Is a noose hanging on a black coworkers office door worse than stealing $10 in office supplies? I think it is, you guys don't seem to.
Straw man, and really not comparable to the situations presented in this thread. Both of these are really localized, compared to the situations presented where one is localized and the other isn't.
It's true that A
may have killed the clerk, but he didn't. We can't charge someone for something they may have done, otherwise we'd all be criminals. Certainly armed robbery adds to the risk of the situation escalating though, and so we do increase the charge from "robbery" to "armed robbery" and the punishment increases accordingly for the reasons you presented. Criminal A should receive a greater punishment than someone who attempted a robbery without a weapon. That doesn't mean Criminal B shouldn't receive a greater punishment than Criminal A.

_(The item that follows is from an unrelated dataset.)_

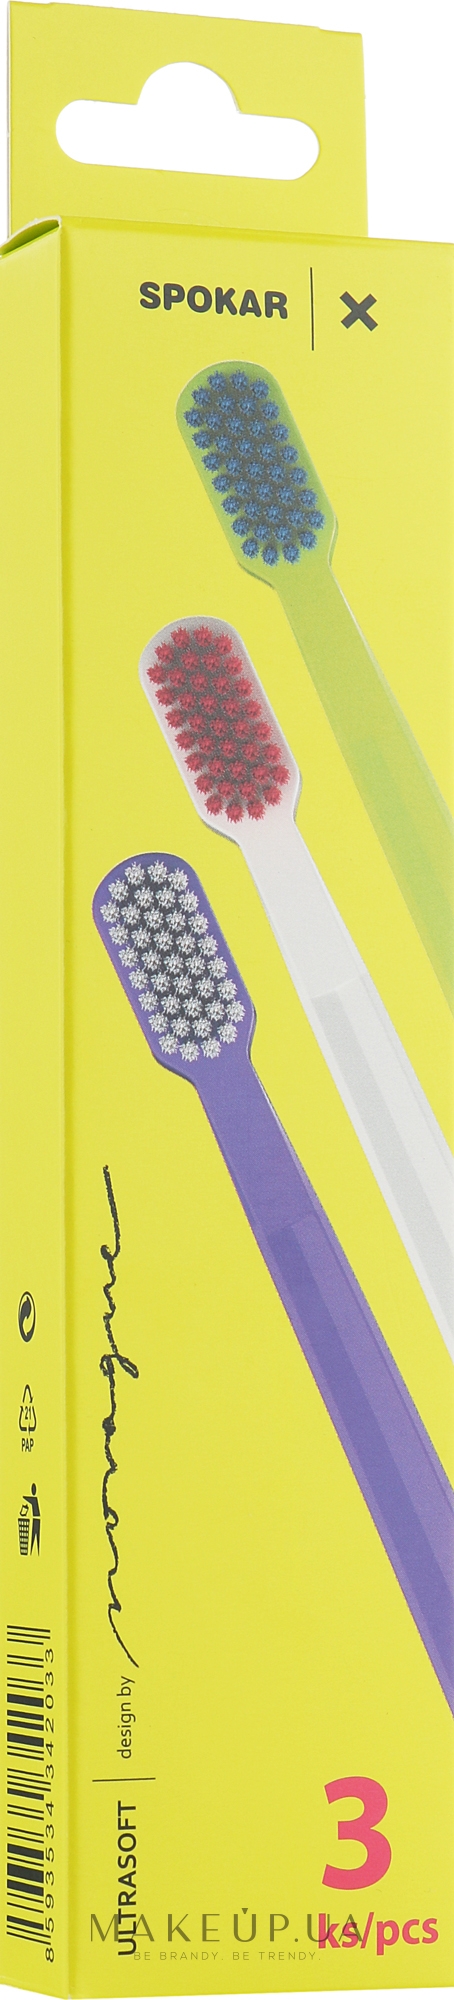 Набор зубных щеток "X", ультрамягких, салатово-голубая + бело-розовая + фиолетово-белая - Spokar X — фото 3шт

Criminal B's crime is not localized - it has far reaching effects. Stealing millions of dollars affects the world far more than stealing $10 of office supplies. First off it will harm multiple companies and individuals, potentially putting many people out of work and into the poorhouse. How many families will that damage or destroy? How many Criminal A's will be created because they lost their money to the scam and become desperate? How many of those new A's will actually end up killing the clerk? Is the harm done to Criminal B's victims any less real because a gun wasn't involved? As I see it, Criminal B will likely have done more harm in the grand scheme of things than Criminal A, so his punishment should be more severe. It certainly shouldn't be any less.